■ The data

☆ ☆ ☆

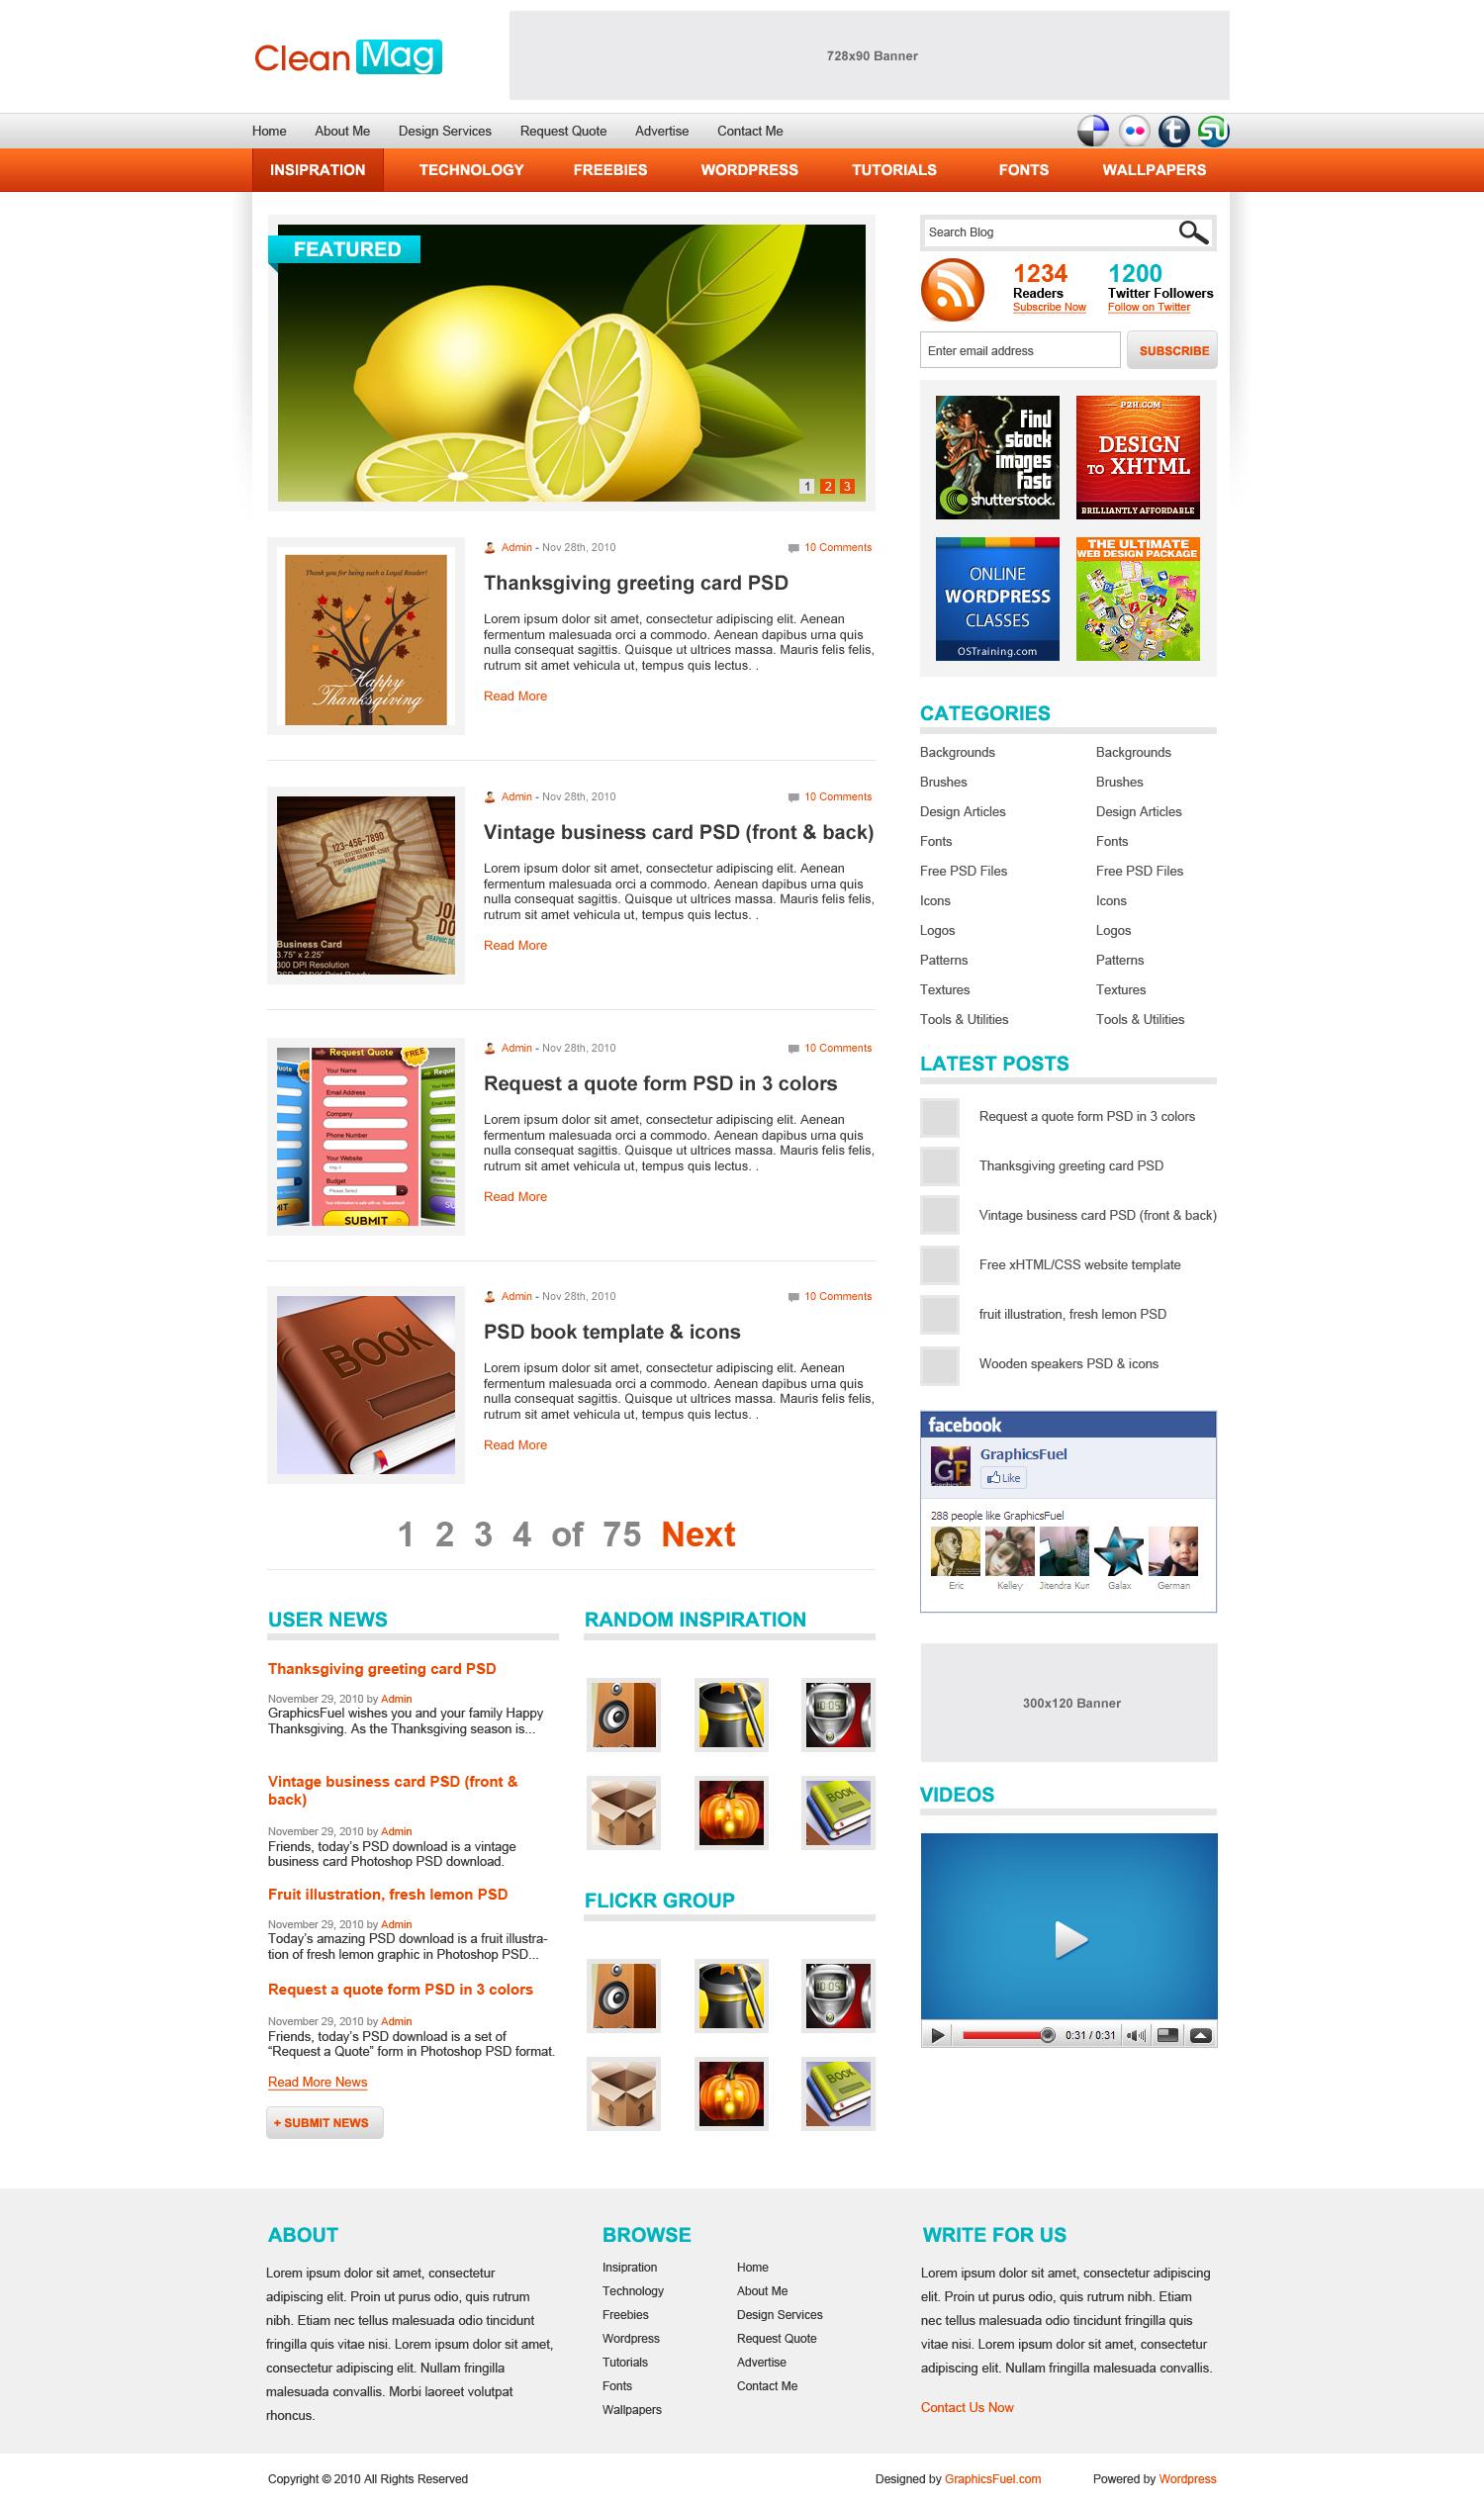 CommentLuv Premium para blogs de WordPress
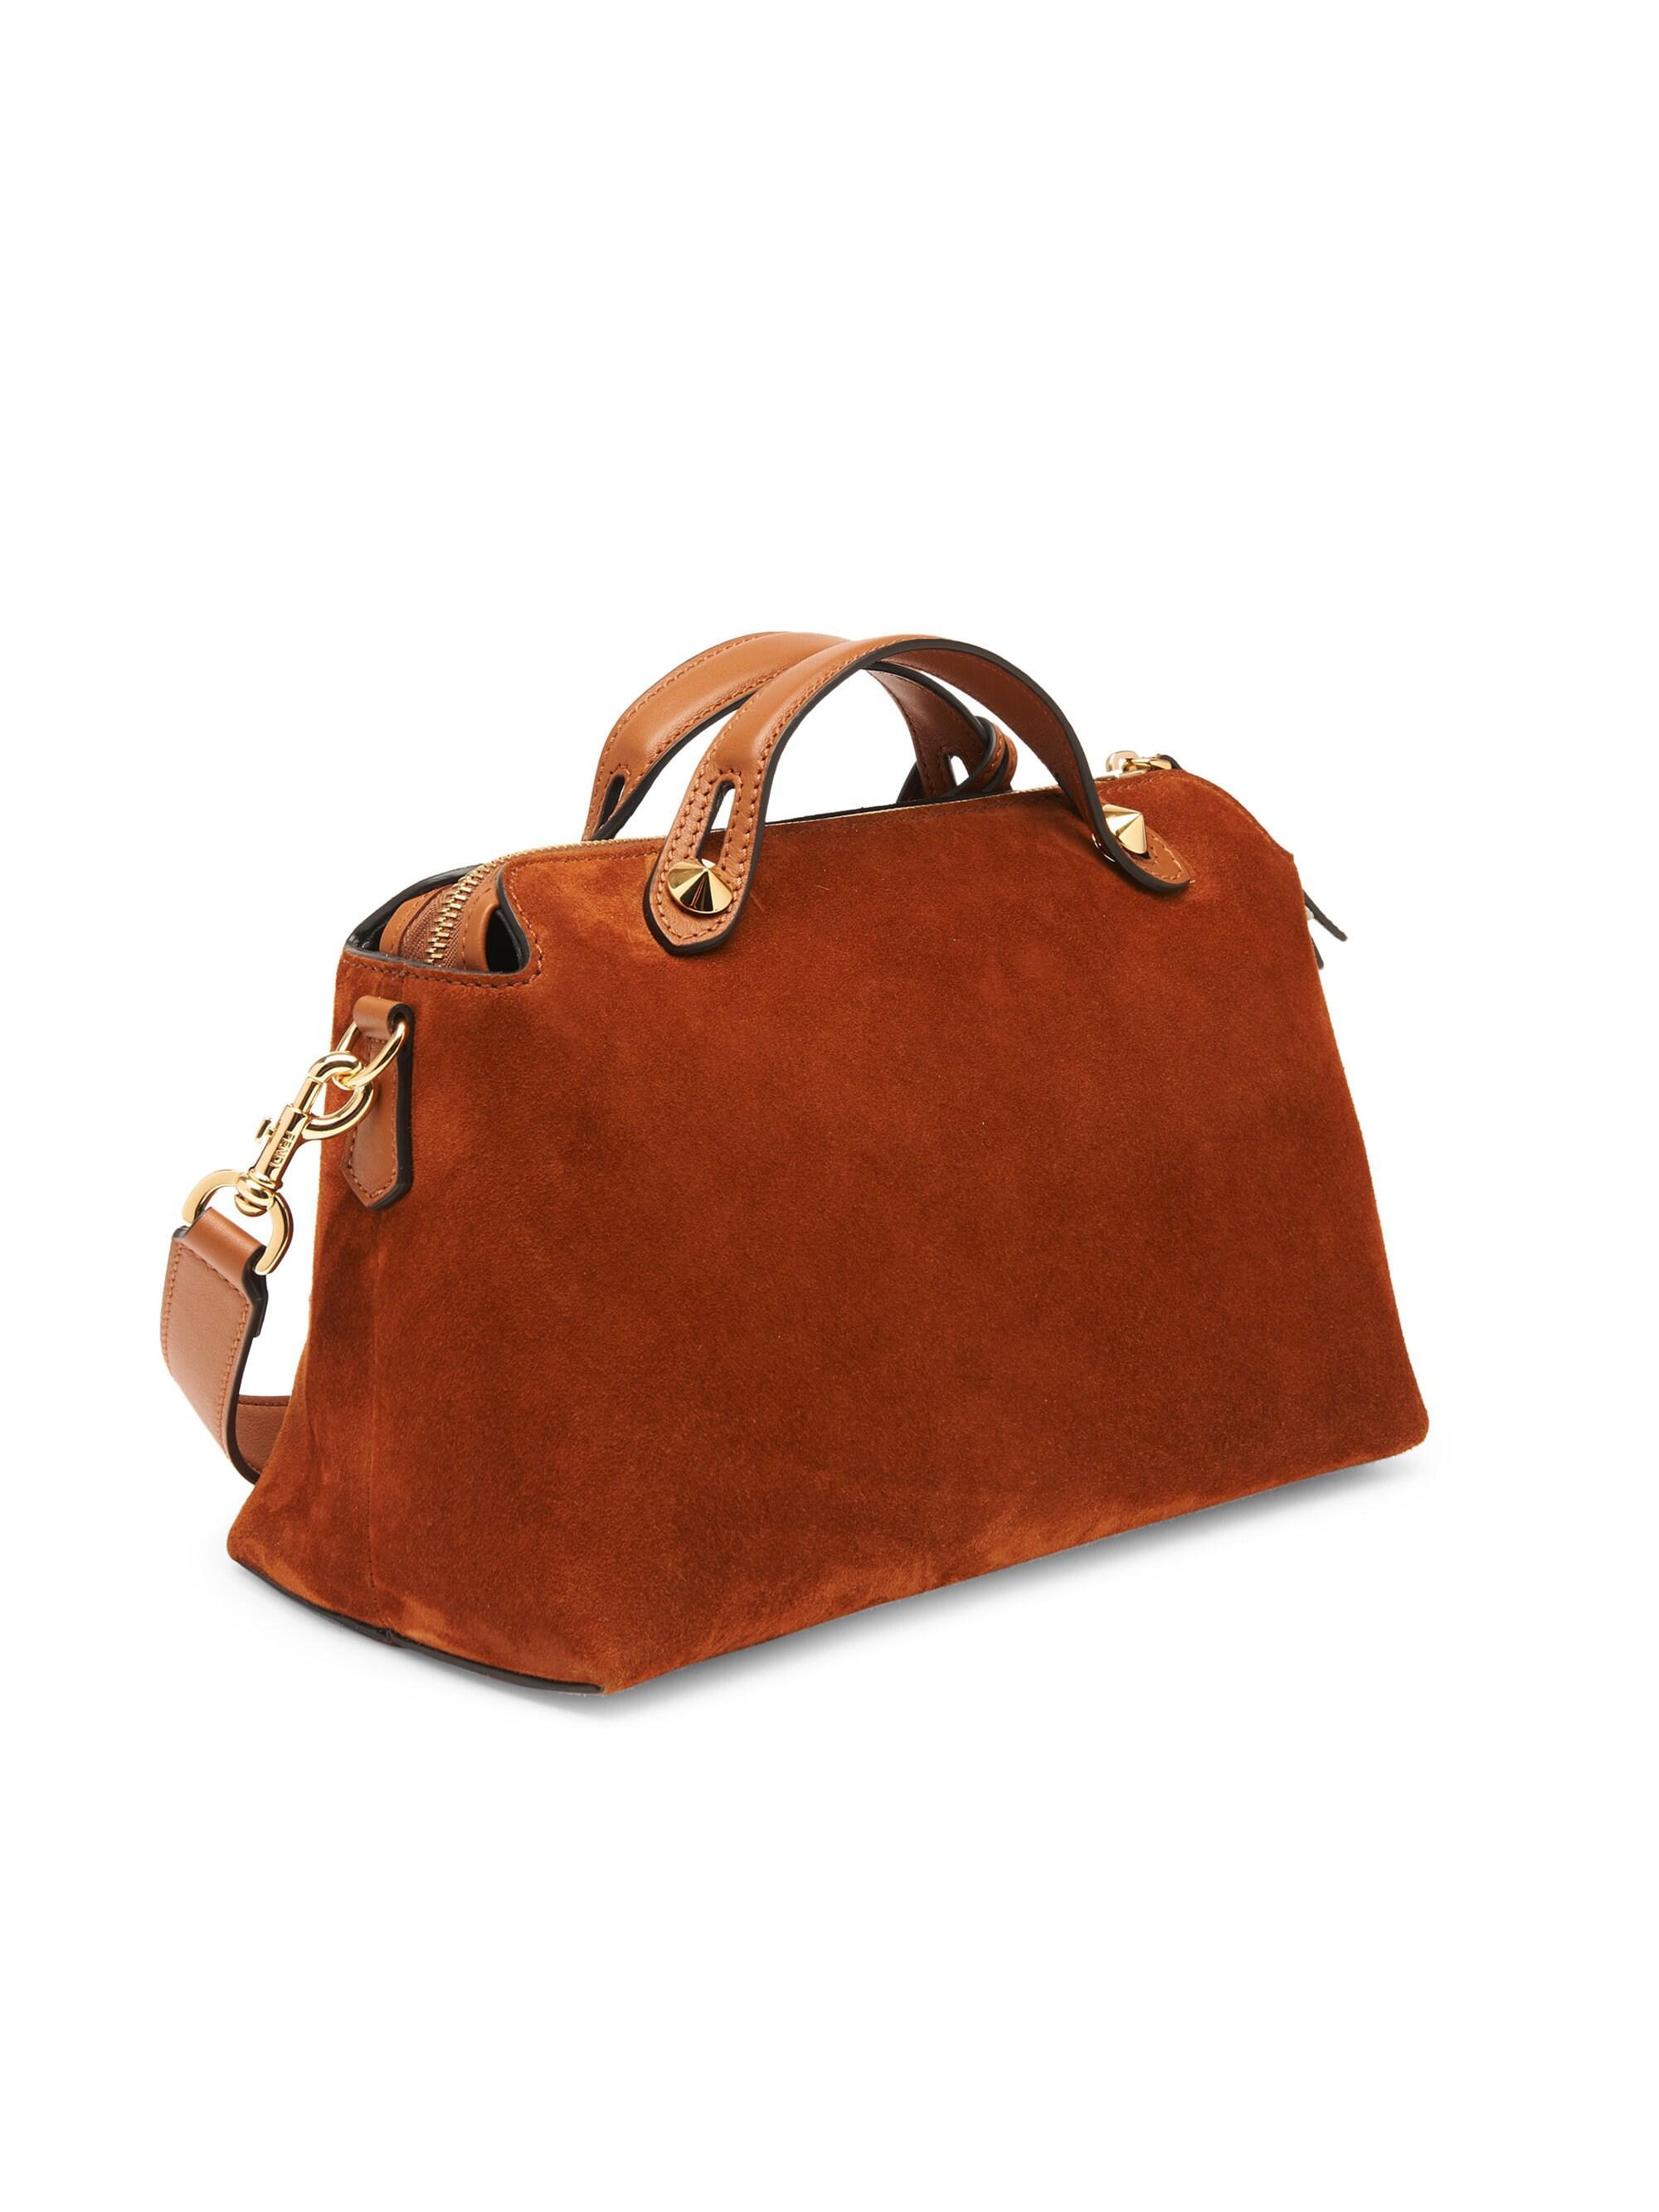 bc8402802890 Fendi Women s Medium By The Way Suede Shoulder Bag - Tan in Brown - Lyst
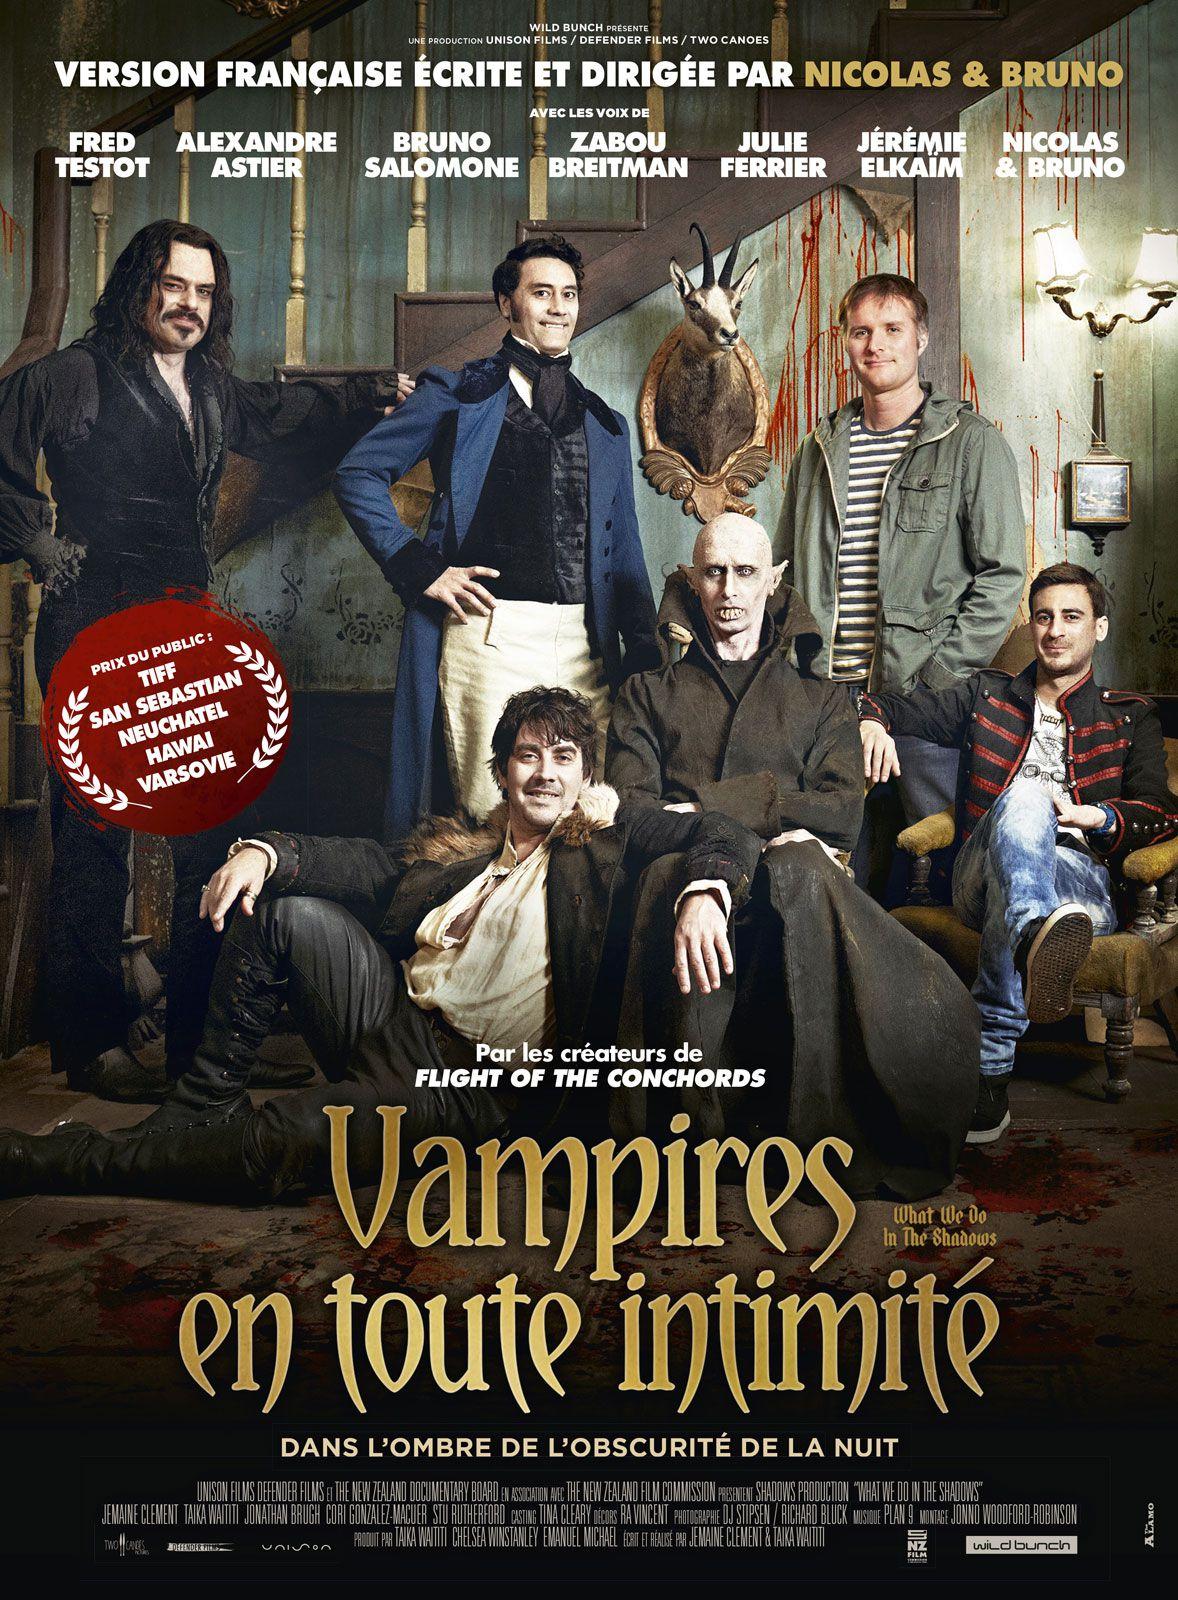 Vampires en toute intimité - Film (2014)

☆ ☆ ☆

■ Goal of the exercise
An exact repetition of the listing is needed, with the pictures dropped.

■ Completed task
 CommentLuv Premium para blogs de WordPress
 bc8402802890 Fendi Women s Medium By The Way Suede Shoulder Bag - Tan in Brown - Lyst
 Vampires en toute intimité - Film (2014)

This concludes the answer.